• [What the exercise asks] Pictures are to be left out. Return exactly the lines below from the one with "Благодарственное письмо-Рыжикова Лариса" up to and including the one with "Schwarze Katze Die".

• [Recorded data]
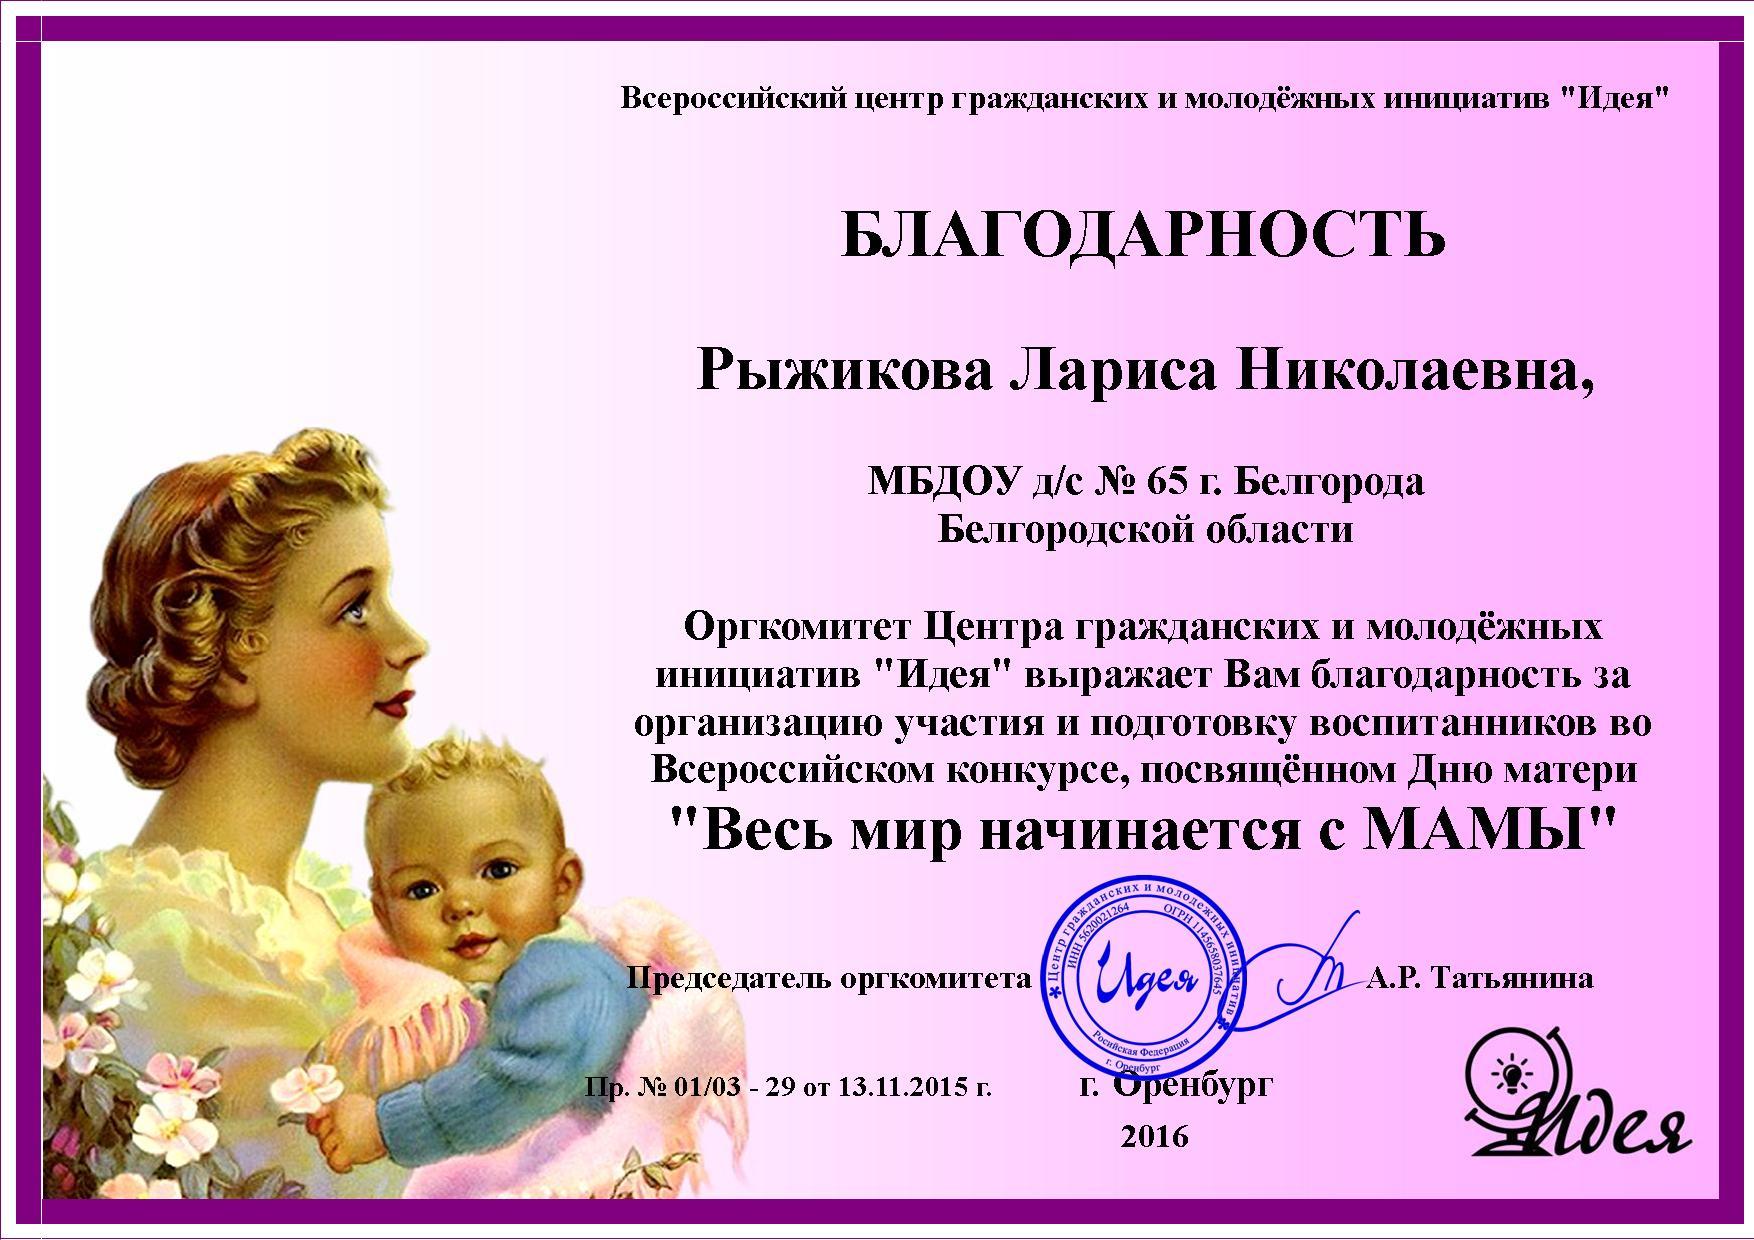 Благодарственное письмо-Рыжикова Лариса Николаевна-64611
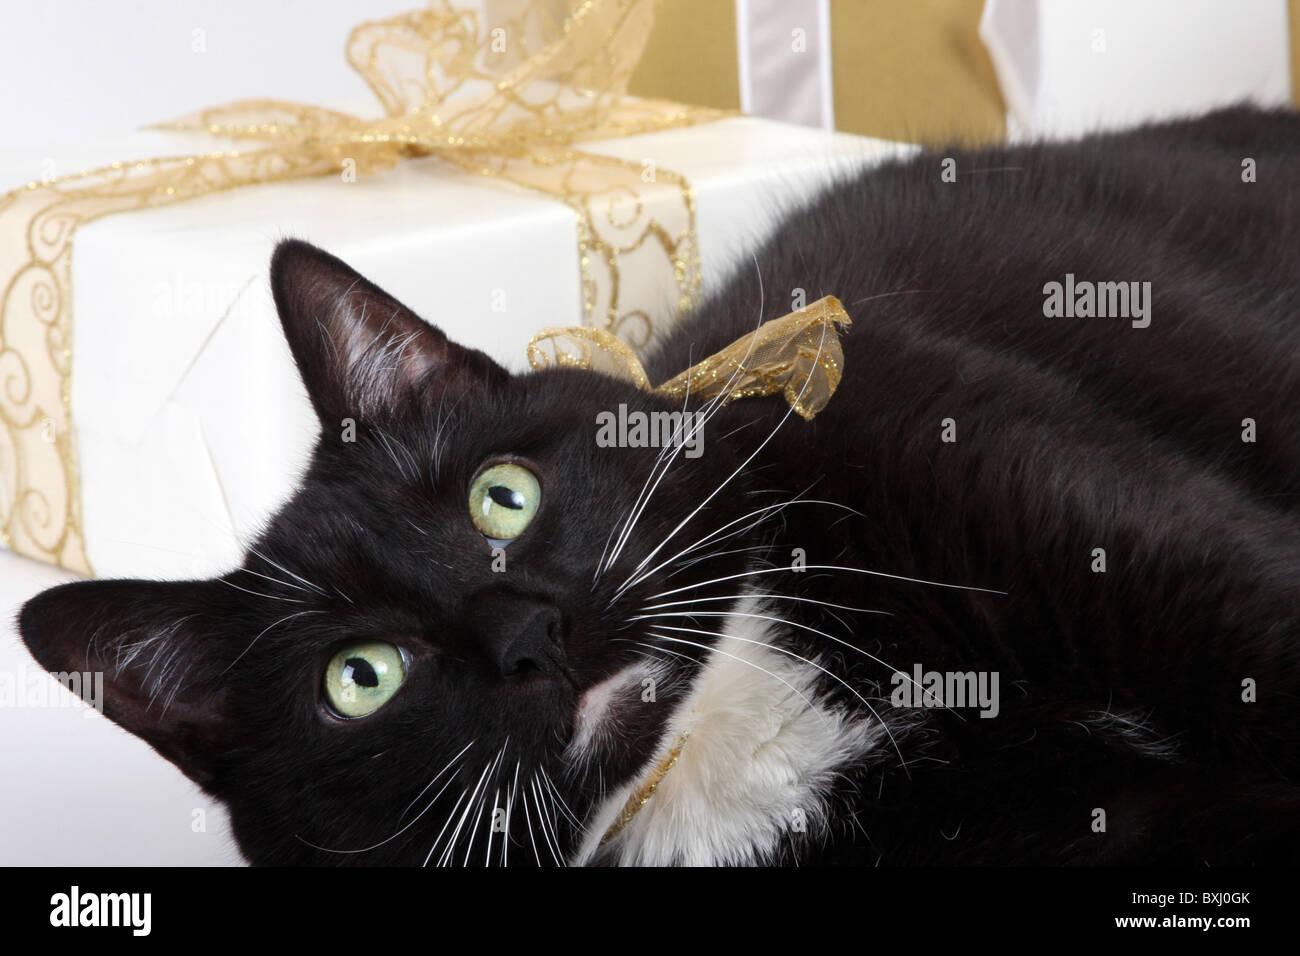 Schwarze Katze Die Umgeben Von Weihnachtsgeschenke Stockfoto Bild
---
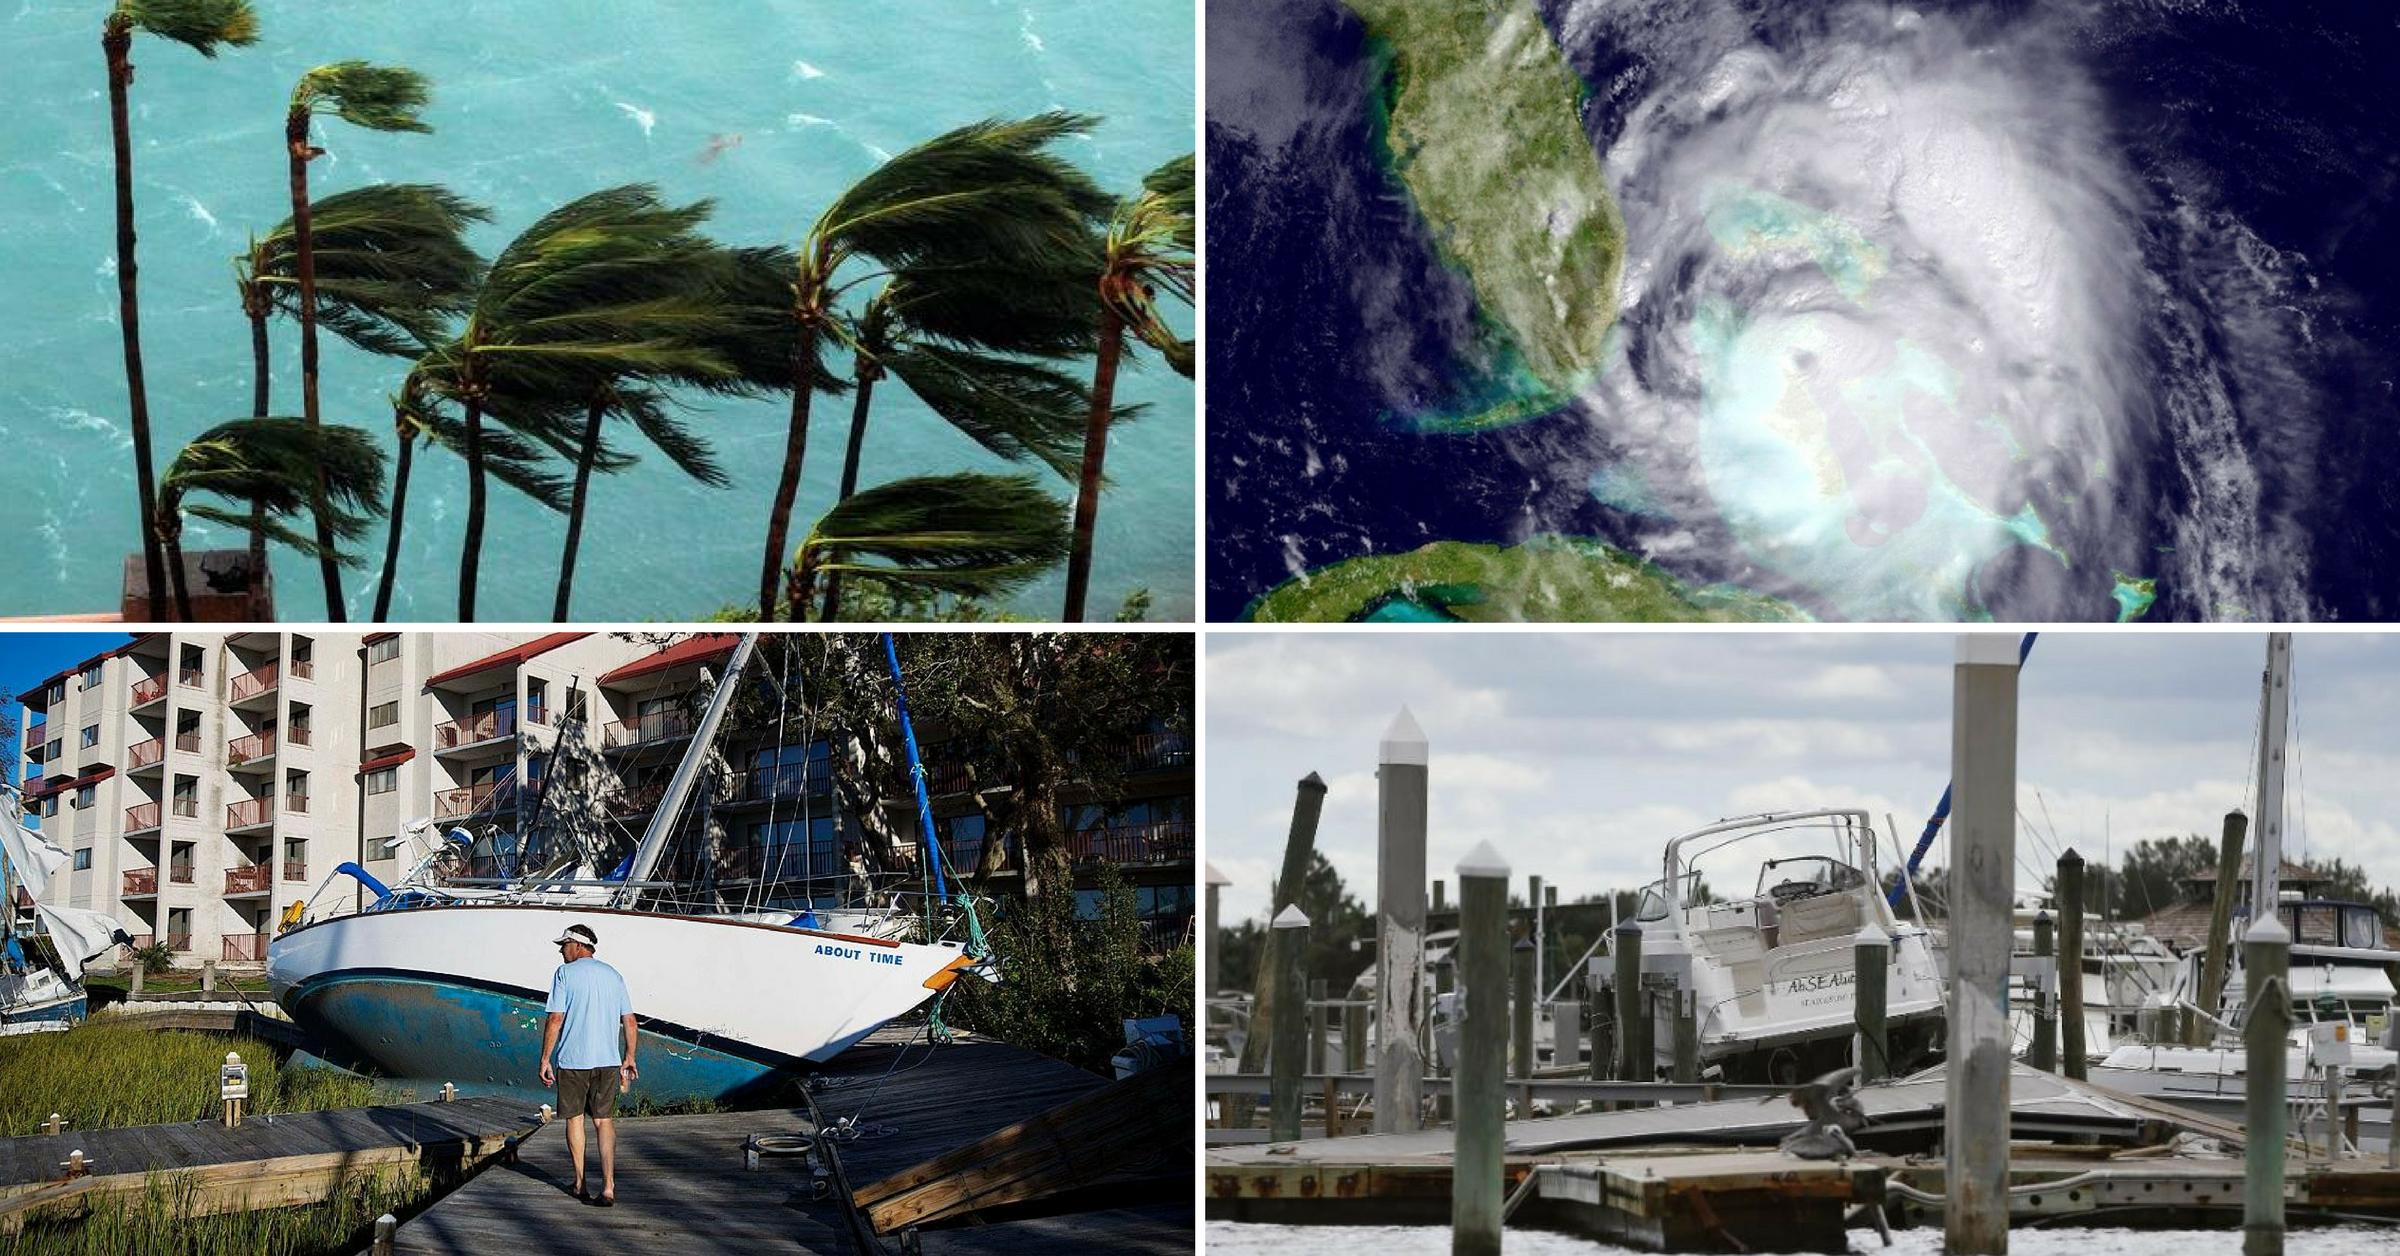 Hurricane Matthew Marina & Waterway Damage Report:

• [Solution to this exercise]
 Благодарственное письмо-Рыжикова Лариса Николаевна-64611
 Schwarze Katze Die Umgeben Von Weihnachtsgeschenke Stockfoto Bild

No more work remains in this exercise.